I am going to have a biased response likely, because I also work as a clinical research coordinator in a cancer dept (peds though). While it lacks direct patient contact, you get a lot of exposure to the physicians themselves, their research, the protocols, data reporting, IRB requirements, etc. I think this is very valuable.

This combined with your volunteer work in a clinical setting and shadowing physicians and the nutrition/personal training I think should be sufficient. This is all just my opinion though. I think making the personal training/nutrition angle work for you is a matter of how you present it. In your personal statement or AMCAS, if you present it as "training clients: exercise testing & prescription, designing programs, and consulting in fitness and nutrition" as you did here, well that sounds impressive to me.

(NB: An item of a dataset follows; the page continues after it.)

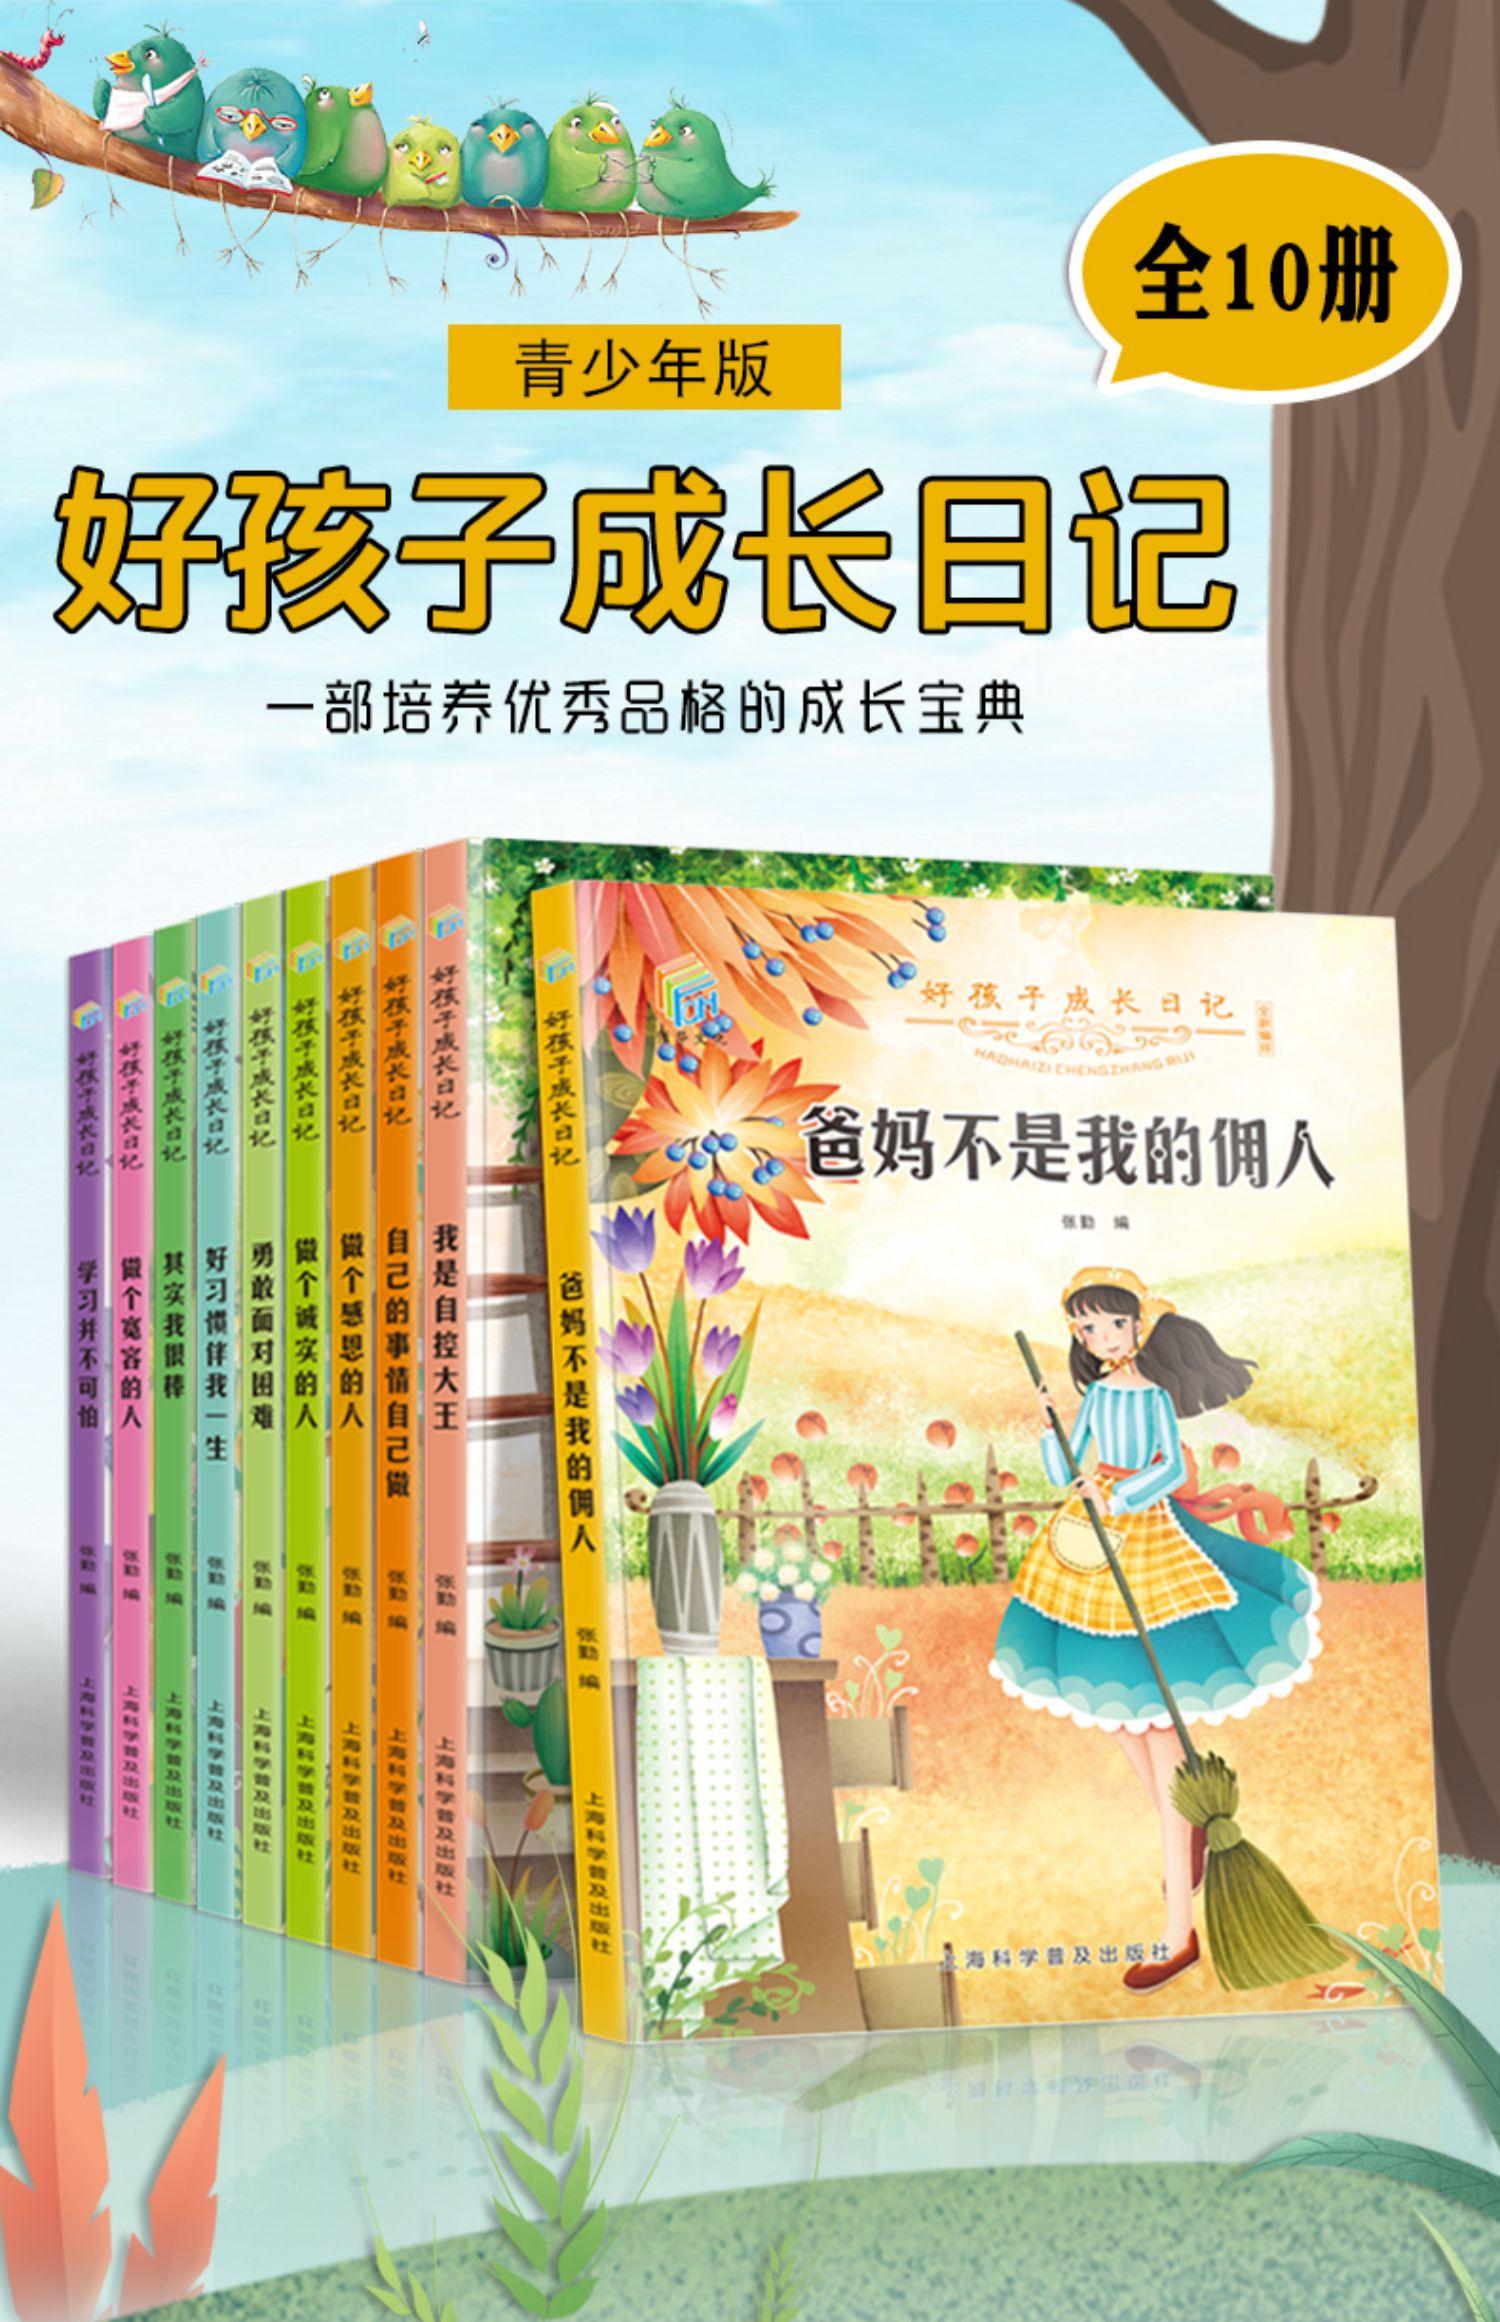 全套10册畅销书经典 排行榜好孩子励志成长日记父母爸妈不是我佣人小学生一二三年级课外书籍儿童阅读文学读物6-8-9-10-12岁故事书商品详情图

If you are bored and WANT a different job in the hospital, like as a research coordinator with patient experience or a secretarial-type job in an inpatient unit, then by all means go for it. But if you will make more money in your present position and are happy with it, I'd likely stay put.

However, is there is an opportunity for you to go beyond your present duties in just working with protocols and data management? Are there any non-cooperative group trials for example going on in your department? Any chart review or registry studies? Do any of your physicians need assistance with writing manuscripts or review articles? Those additional activities would be good if they are available (and you don't already do them).

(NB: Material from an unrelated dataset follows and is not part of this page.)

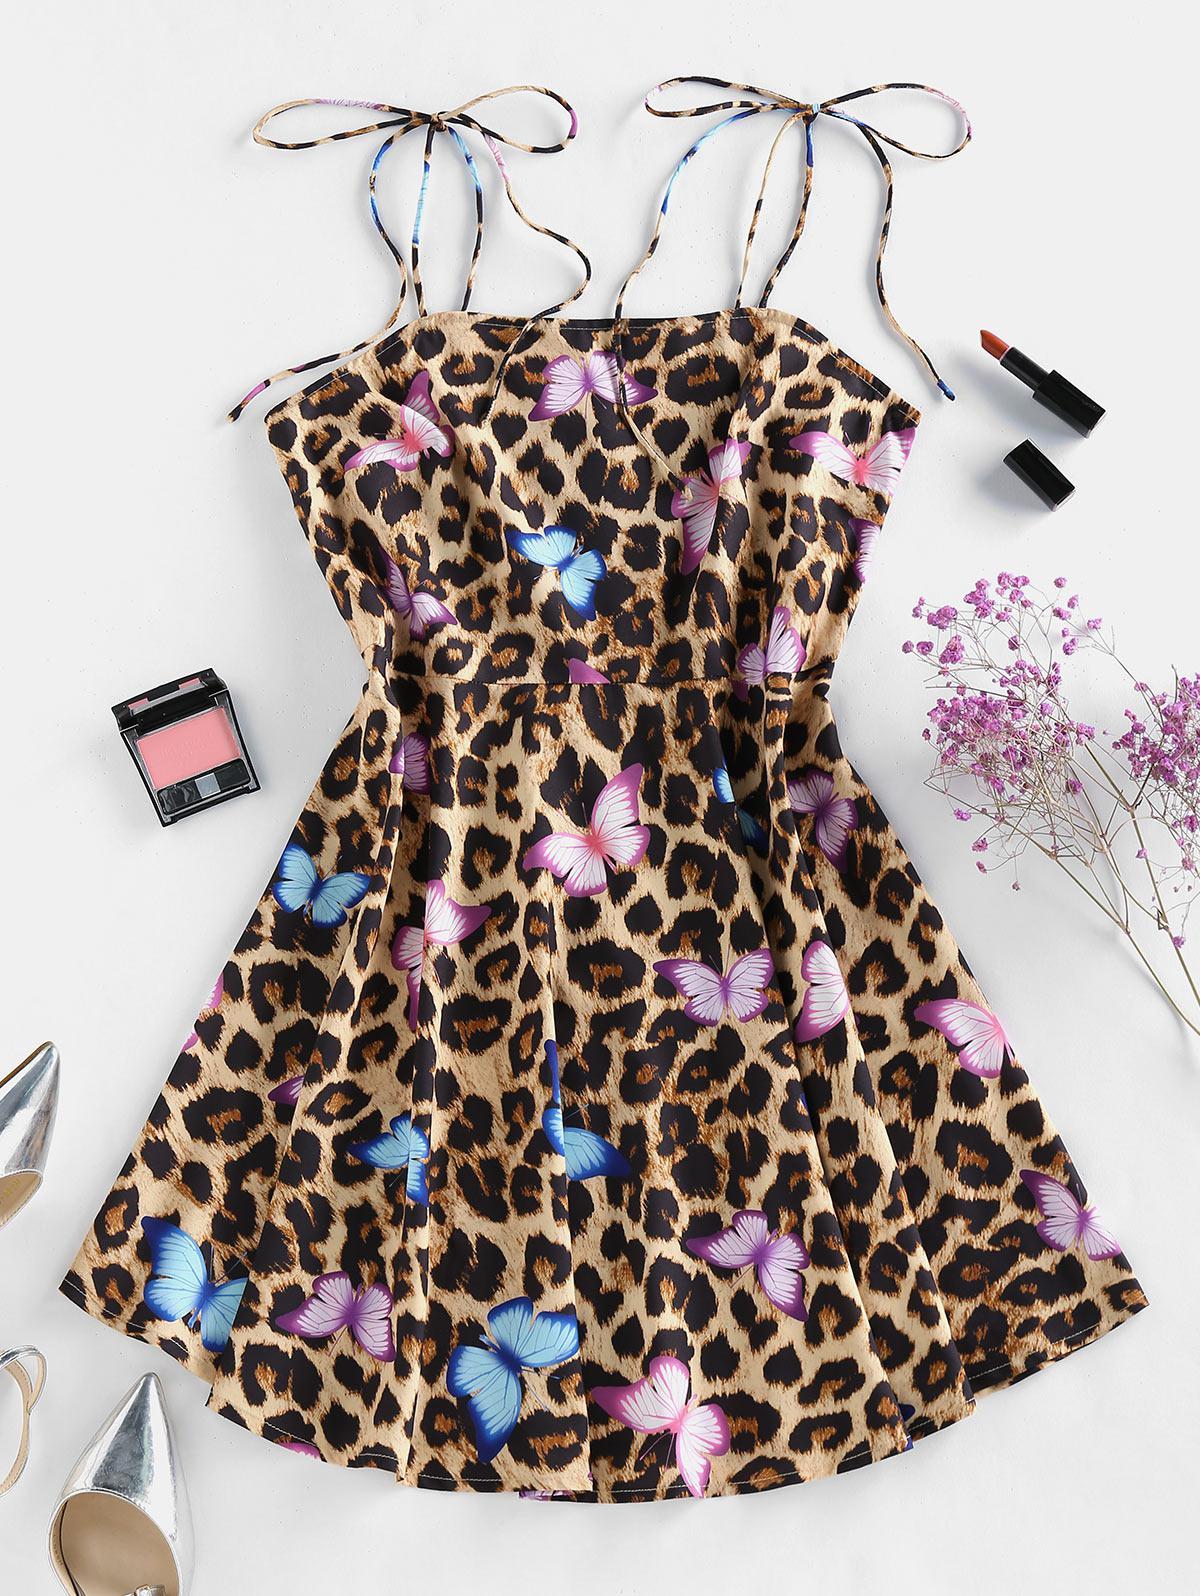 ZAFUL Leopard Butterfly Print Tie Shoulder Backless Dress

I am interested to know how other people would answer one of your questions: "does working in clinical research (no patient contact) serve as clinical or research experience?" Since I am in the same boat, I'd like to know what it would be considered. Thanks!
 
This must be common ground for ambitious premeds. I too worked as a clinical research assistant, managing oncology data at Georgetown with little to no patient contact. Then accepted a better research coordinator position at an Army Medical center dealing with brain injury. I changed jobs not only cause my pay nearly doubled but, i wanted the patient contact and wanted the ability to use my master's in neuroscience. With that being said, I think any type of research experience is better than none.

Like the previous member had mentioned anything above and beyond your present duties would be helpful. I remember offering my services to help with abstracts, posters...lit reviews etc. this also helps you develop a rapore with a few physicians that may write you letters of recs.

I didnt switch over to patient contact because I thought it would be 'better', I just knew I would be happier working in that particular setting. I guess this way, I covered both aspects....but not intentially.

Sorry, if i couldnt offer a definitive answer.